Fred Sherlock, 64, of Hopewell, Pa., would no doubt find Beaver’s story somewhat ironic. Sherlock had fished a stretch of the spring-fed Yellow Creek, owned by a neighboring farmer, since 1960. But in 2005 he lost access to the spot when it was leased to the Spring Ridge Club. “I wanted my grandkids to fish that water with me someday,” he says.

Beaver is quick to point out that in all cases he was merely acquiring private water where the landowners had already closed off public access, or had been planning to do so, and that he has even left some of the water open. He has little sympathy for anglers like Sherlock. “It was never his right to fish that water, it was a privilege. That was private water to begin with,” he says. “I think there’s a certain sense of entitlement that went with this privilege for some guys. If you’re at the table as a guest long enough, maybe you start to feel like it’s your table.”

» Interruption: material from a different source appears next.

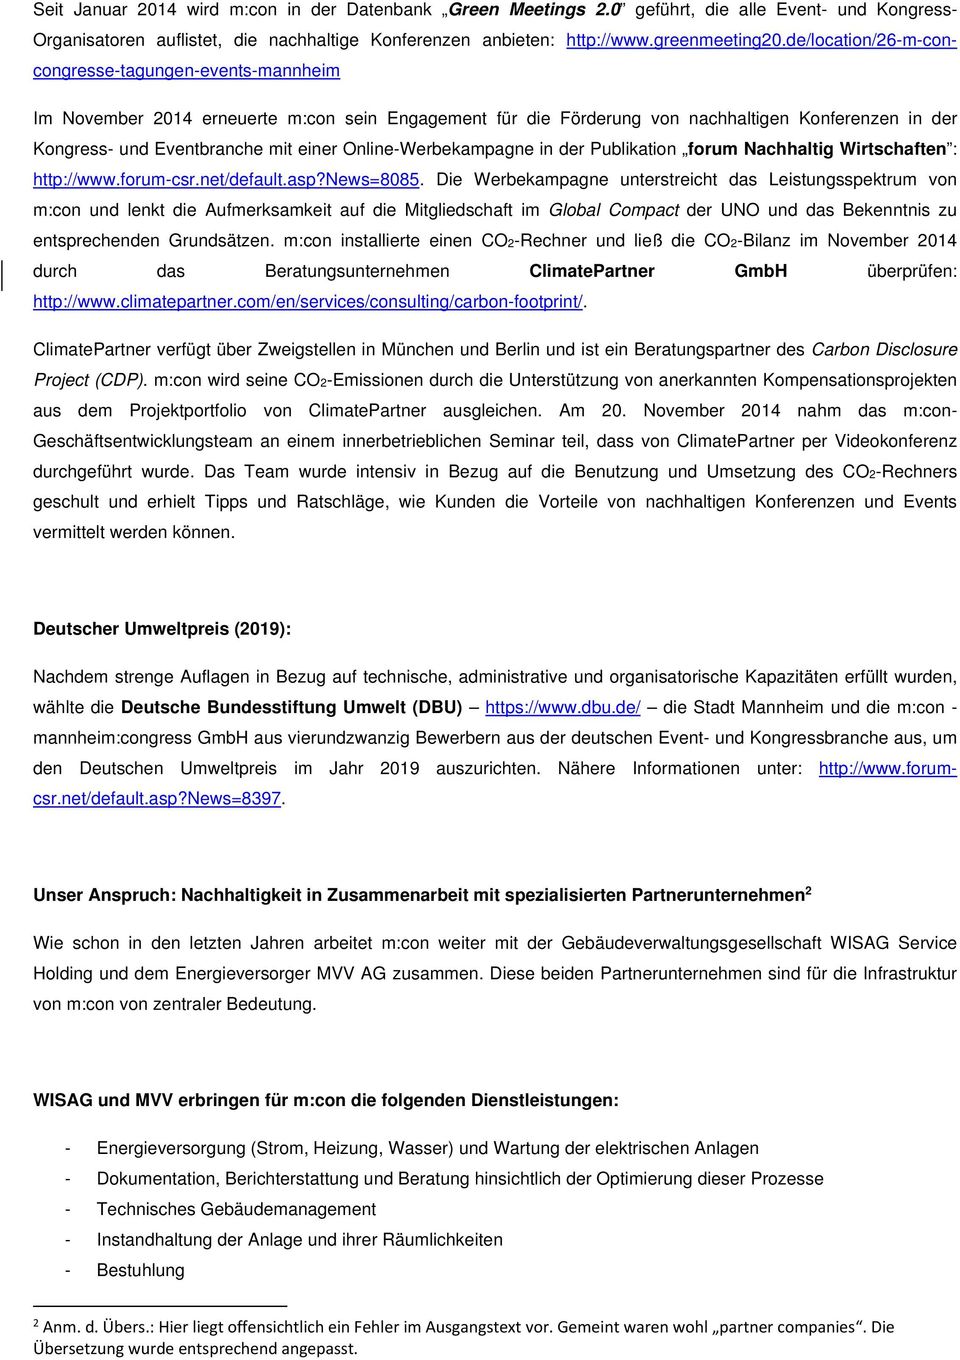 Online-Werbekampagne in der Publikation forum Nachhaltig Wirtschaften : http://www.forum-csr.net/default.asp?news=8085.

But in one case, he apparently overstepped his bounds. In 2002, Beaver purchased what was known as the Espy Farm, a beautiful, trout-rich 1.3-mile stretch of the Little Juniata that begins at its junction with Spruce Creek. The section was some of the best water the SRC offered to its members. When Beaver bought the property, he believed that the river there was private. The commonwealth of Pennsylvania and a local fly-shop owner named Allan Bright thought otherwise. In 2003 they filed a joint lawsuit against Beaver, claiming that the “Little J,” as it’s known, was a commercially navigable river under state law and thus open to the public. The case went to court last summer.

During the lead-up to the trial, Beaver became public enemy No. 1 in the state’s flyfishing circles. Much of the vitriol against him surfaced on the Internet, where fishermen wrote with the impunity of anonymity. “I hate Donny Beaver,” declared “Mark M” on a Pennsylvania message board. “May the defendents [sic] strangle on their own phlegm,” wrote “Magalloway” on another. Somebody even started an Anti-Spring Ridge Club Club website.

In late January, a judge in the Huntingdon County Court of Common Pleas decided against Beaver. The ruling, which reads more like a history lesson than a legal document, determined that the Little Juniata was used for the transportation of goods such as timber and whiskey from the end of the Revolutionary War until roughly the advent of the Pennsylvania railroad in the 1840s. Thus, the river was commercially navigable, or at least once had been, which meant that the stream bottom to the high-water mark was open to the public. Beaver is strongly considering an appeal, which would ensure continued controversy.

A NATIONWIDE PROBLEM
Similar battles are being waged across the country. At issue in each case is the clash of two entrenched American values: the right to private property vs. the principle that our woods and waters are part of our common heritage. Running beneath it all is the undercurrent of class warfare, which pits those with significant means against those without.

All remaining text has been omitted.